Children learn by observing their parents. If you smoke or drink, your children will most likely pick up the habit. If you spend your free time watching TV, they will too. If exercise is not part of your daily routine, they will never know what exercise is or how to achieve it.

As parents, we all want the best for our children. We would do anything to ensure they are happy, healthy individuals. Yet, some of us don’t realize that everything we do is looked at by our children, who want so much to be like us, that we unconsciously forget how quickly they can mimic our behavior.

Children depend on us for everything. The food they eat, the clothes they wear, the programming they view, there free time, study time and every aspect of their lives is an extension of who we are and how we conduct our lives.

It seems plausible, then, that if we want them to be healthy, we have to live healthy and productive lives ourselves. From the moment they are born we tend to their every need. We nurture them, comfort them, console them, counsel them, admonish them and teach them the values we hold dear.

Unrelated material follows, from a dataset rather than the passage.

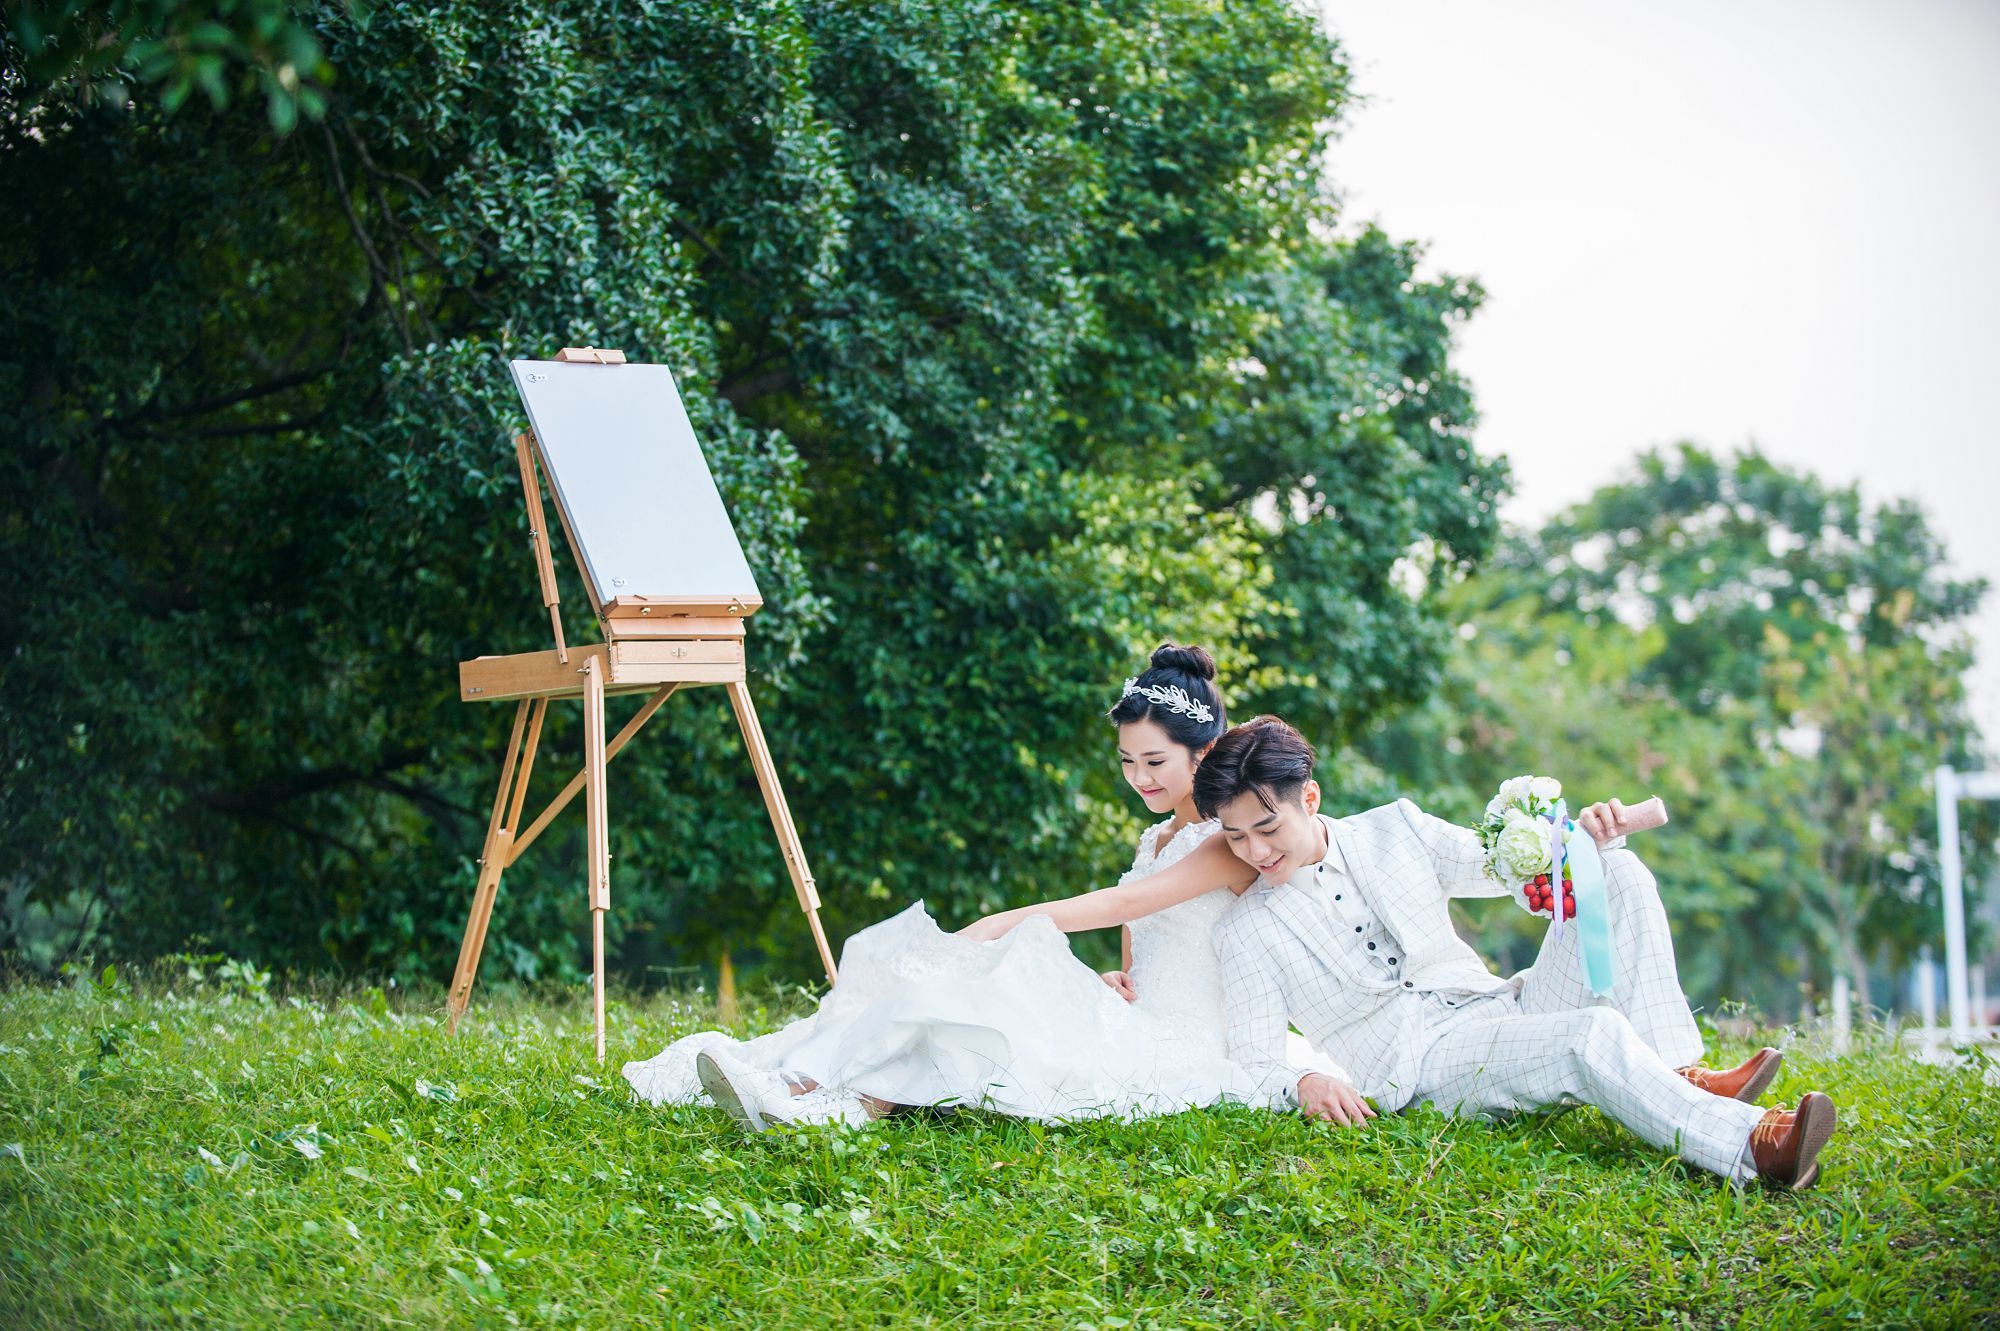 2018年7月广州婚纱照图片,广州婚纱照,婚纱照图片

As parents, we are charged with the ultimate responsibility to ensure our children grow up to be viable candidates for success in a world that scrutinizes every facet of a human being. Living a healthy life encompasses not only the physical, but the emotional as well.

If our lives are conducted in a healthy manner, which includes all facets of our home life and the outside world, our children will follow suit. Conversely, if no interest is shown or there is an unhealthy relationship in the home, our children will take what they see as normal and mimic it.

Observing kids in public schools, for example, you may find children whose clothes are wrinkled or torn; they have no respect for authority; if they become ill, their parents refuse to pick them up or they are left to go home to an empty house and fend for themselves. Obviously, this type of home environment in which they live is the cause for disruptive behavior, anger, frustration, inability to socialize and, more importantly, a constant state of sadness.

Once the commitment is made to have children, it is the responsibility of every parent to ensure that child is taken care of – mind, body and soul. All they ask in return is to be loved. They rely on us to lead healthy lives and their unconditional love demands that we do so.